Called from a car outside the church, H climbs in and realizes it's part of the game. The female narrator describes three hypotheses: the map is old and the city has changed, making it inaccurate; the map is a developmental model of the city, which the city doesn't yet resemble; or the city has been destroyed and rebuilt using many maps, a combination of the first two hypotheses. Saying they need a perfect map, she suggests that either they create one using street-by-street analysis, making the map 1:1, or they create a map of all possible routes stored on videodiscs for the army or tourists/travellers. Meanwhile, H sees the first man in another car. H is told the scale has changed again and that he needs to go to the station. In the car's rear view mirror he sees new dice numbers reflected in his driver's sunglasses.

On a train, H talks to the second man he saw playing the game in the field and discovers that all of the passengers are playing the game. The man tells H he is "the one who answers questions". H asks him "What is the connection between routes and maps?" but falls asleep; in his dream, H has a new nightmare in which dice are rolled and he is ordered off the train.

H and the first man he met are in an aeroplane flying over Europe, the game's new scale, heading towards the Montfossis (fake mountains used by cartographers to converge two ranges on a map). H sleeps and dreams they are flying over maps in an exhibition and are travelling not in space, but in time. As they fly over multiple labyrinth maps the man says they are in the eye of the dice. A new dice rolls which changes the scale to encompass the whole planet Earth. H loses consciousness in the thin air the plane is flying in.

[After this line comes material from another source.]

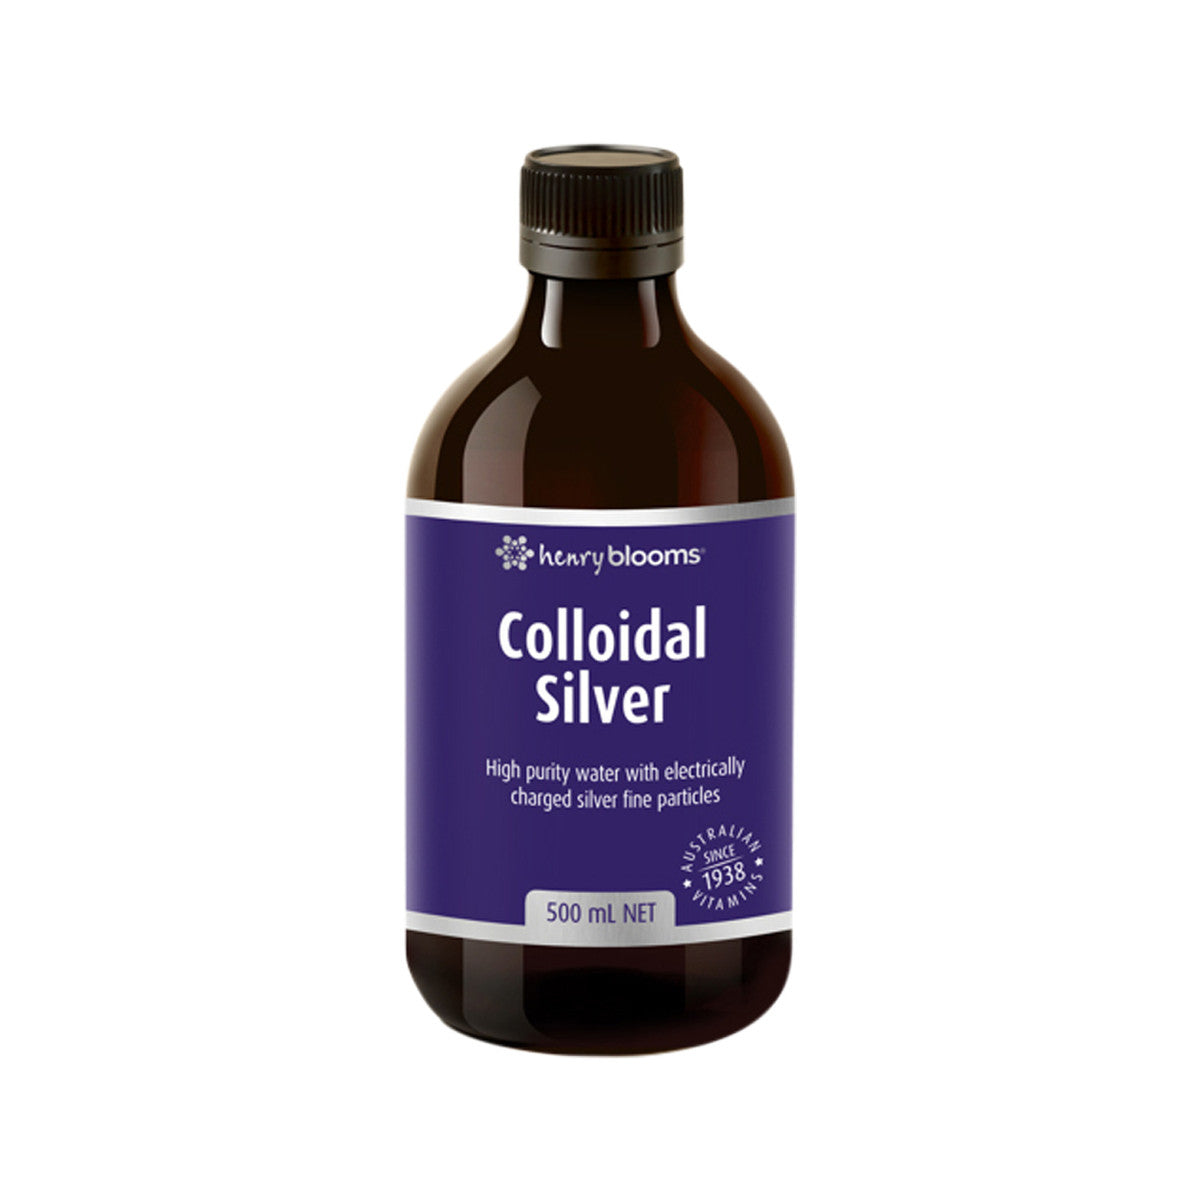 HENRY BLOOMS Colloidal Silver 500ml

Waking up sitting on a giant hand, H sees the dice and rolls them, but the hand closes in on him. As it opens, H realizes he is both the dice in the game he is in and also the player rolling them. H disappears leaving only the dice behind. The scale changes to that of the universe. As they travel the cosmos, a man tells him that they are not dead, but the Earth is because there is no more time and therefore no space. Observing the universe and the Earth, H realizes he is waking up but doesn't know which dream he will wake in. Finally, H is back again in the field where he first found the men playing the game.

== Full cast and crew ==
- Pascal Bonitzer as "H" - Actor
- Jean-Loup Rivière as "The One Who Answers Questions" - Actor
- Serge Brodsky - Second Unit Director or Assistant Director
- Janine Knuth - Artistic Collaborator
- Jean Hertz - Sound Mixer
- Roger Vieyra - Sound Crew

== Reception ==
=== Interpretations and analysis ===

The film was said to be considered as an "allegory that condenses and emblematizes not only themes from Ruiz's work as a whole, but also key dimensions of his filmmaking practice" (Goddard 2). Zig-Zag shows the form of filmography that really describes Ruiz's style, as the film presents this idea how a film can be a type of impossible cartography that is always changing and never secured. The film presents Ruiz's style when it plays with the ability to critique representation within film as the character H takes us through many representations of territory and representations of territories through maps as Ruiz uses cinema, dreams, and cartographic explorations (Goddard 4). Representation to Ruiz is a means to expose the invisible and to put forward to an audience things which cannot be seen "using the capacity of images", because" they are too abstract or their nature is divine" so that they may be understood truthfully to reveal or render evident/certain realities which cannot be shown" (Ruiz 36). When the film uses these images of maps as representations of territories, Ruiz is able to challenge the logic of cartographers and how their representation may not be fully true, as cities may always undergo change and cities may be destroyed, or even both. In the film, it presents this paradox between territory and the image of territory showing us how territories and their maps are concrete yet abstract at the same time since a territory is physical and an image of the territory (map) is abstract or created, revealing the uncertainty of representation.